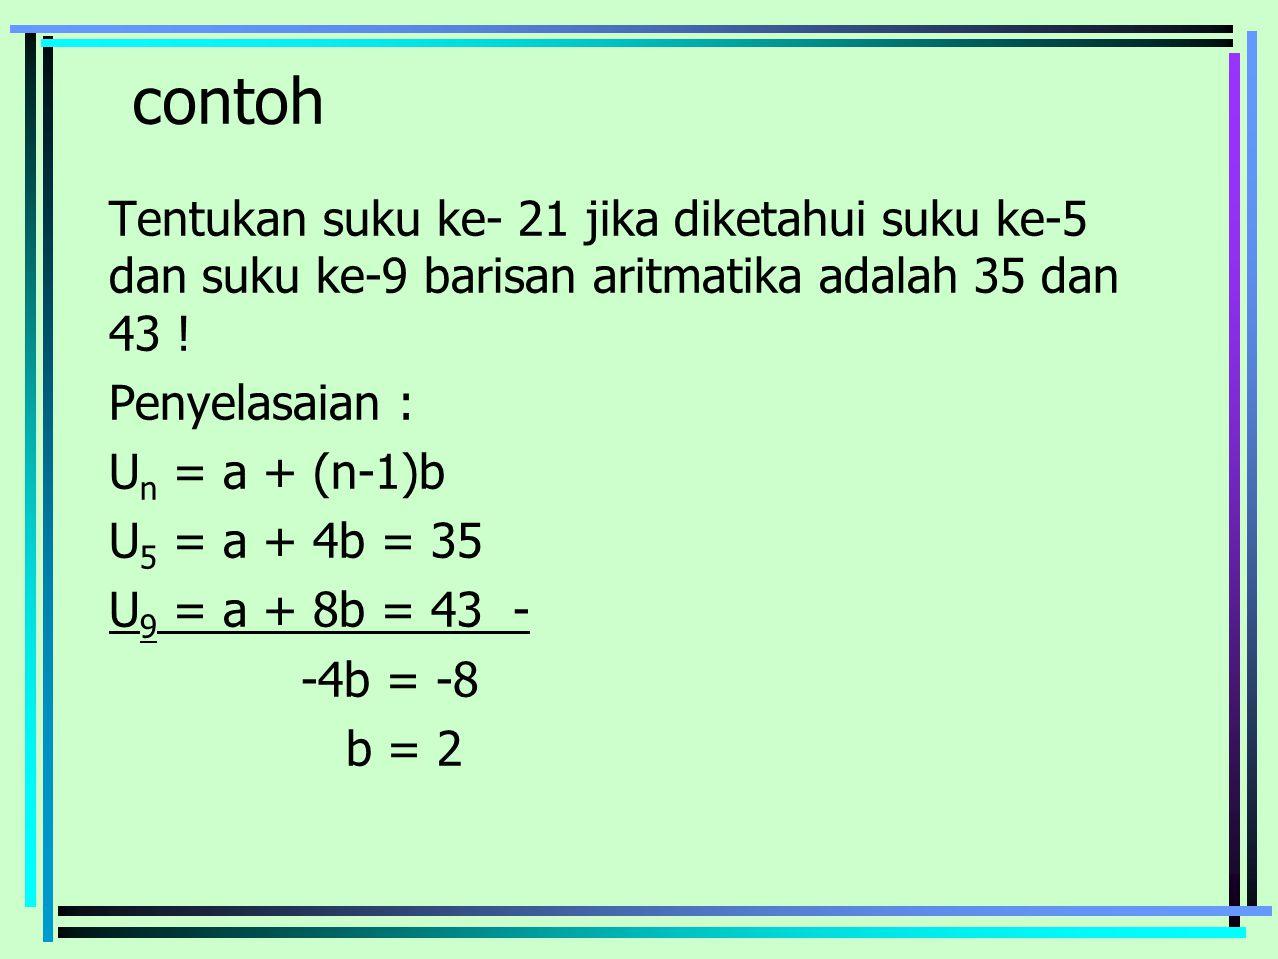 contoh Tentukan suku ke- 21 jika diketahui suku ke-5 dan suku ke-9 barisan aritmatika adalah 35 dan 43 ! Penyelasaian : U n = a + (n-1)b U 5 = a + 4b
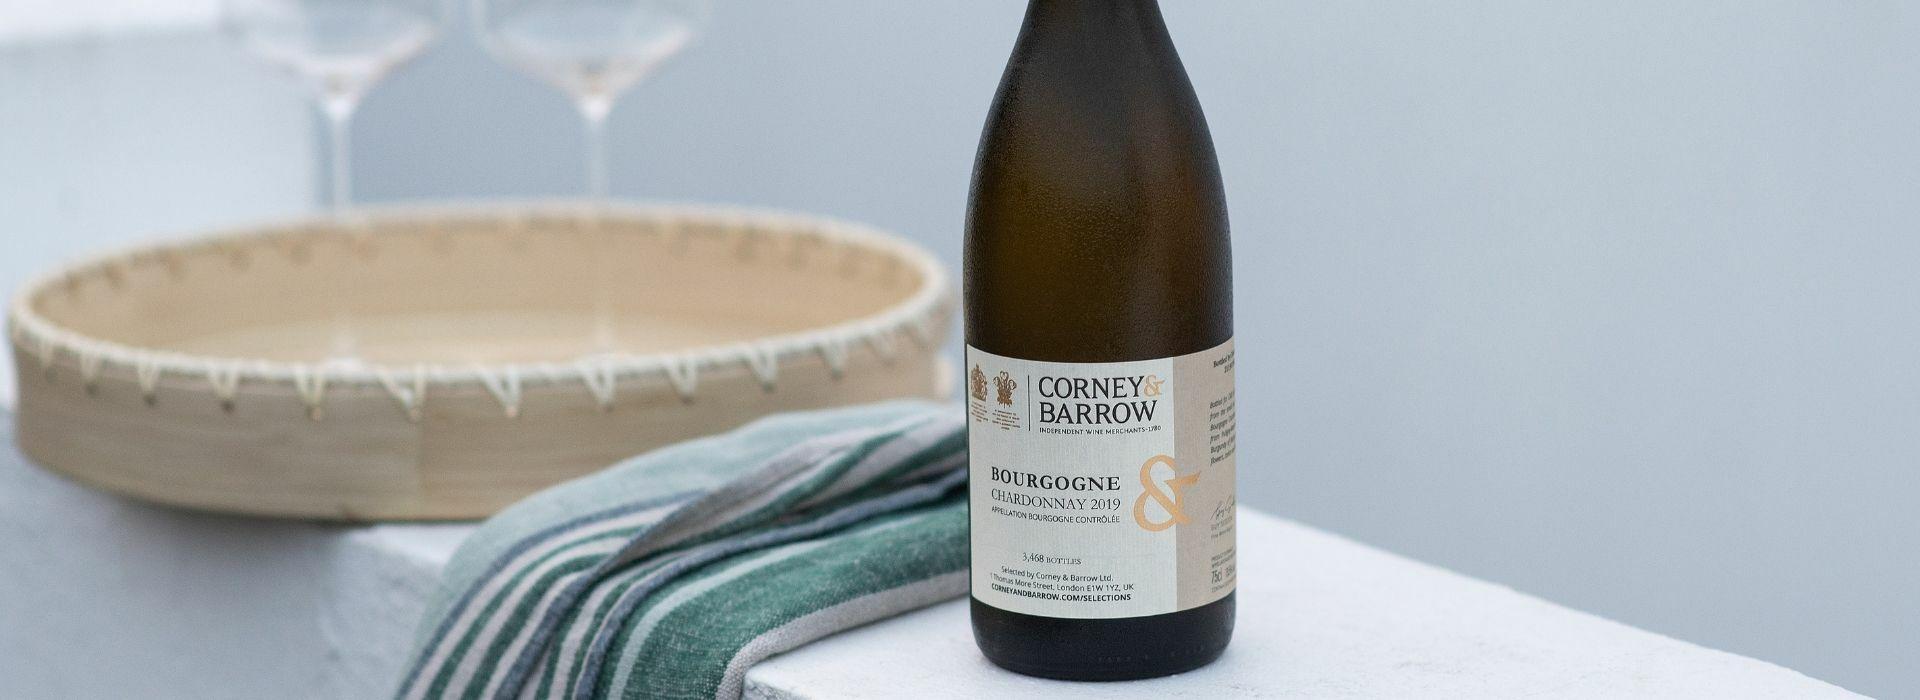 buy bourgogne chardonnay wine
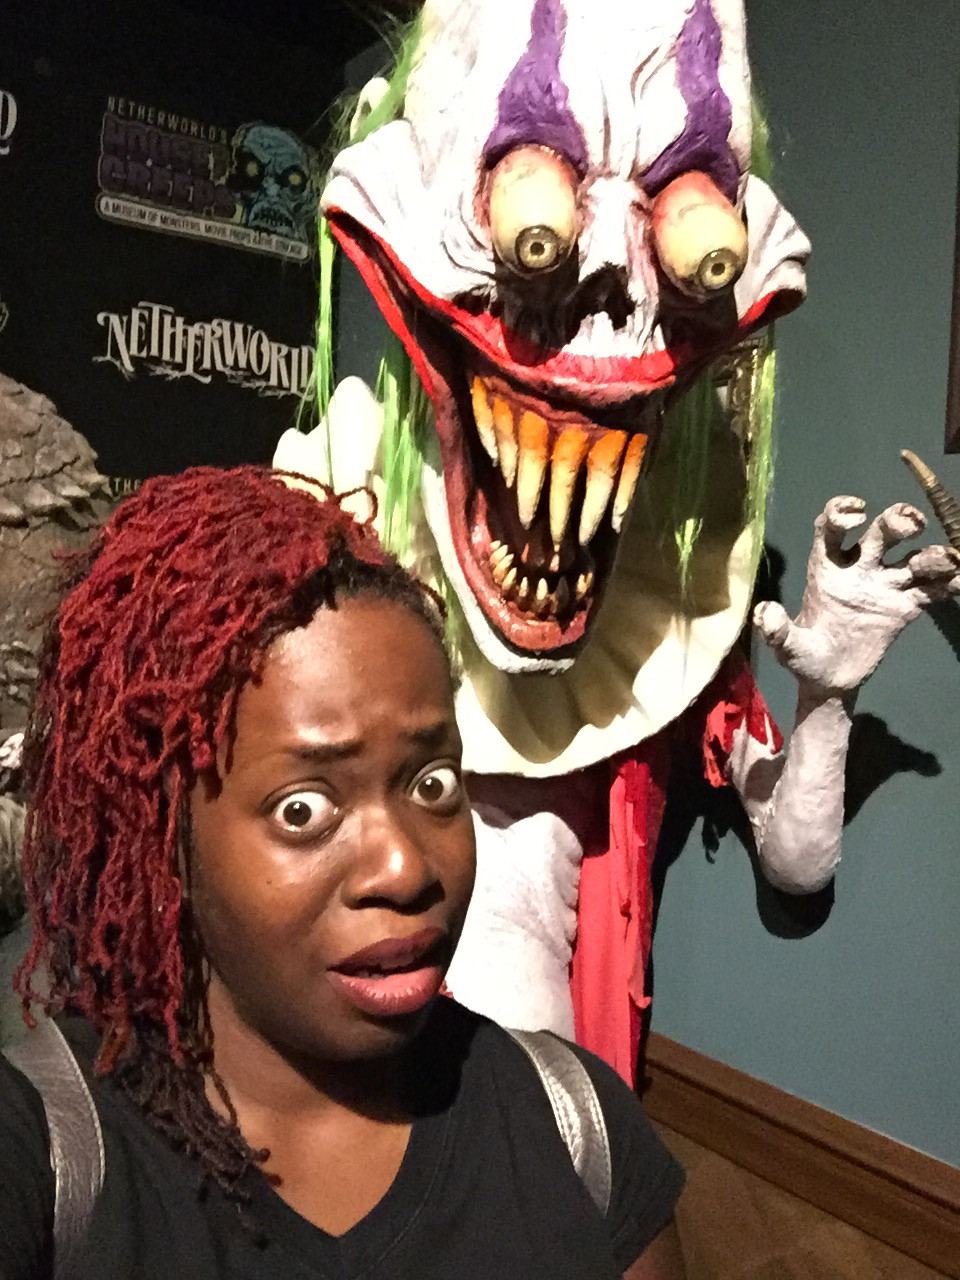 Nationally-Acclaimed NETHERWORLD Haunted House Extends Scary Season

Problem: Repeat the data exactly, excluding the pictures.

Solution to this task:
 contoh Tentukan suku ke- 21 jika diketahui suku ke-5 dan suku ke-9 barisan aritmatika adalah 35 dan 43 ! Penyelasaian : U n = a + (n-1)b U 5 = a + 4b
 buy bourgogne chardonnay wine
 Nationally-Acclaimed NETHERWORLD Haunted House Extends Scary Season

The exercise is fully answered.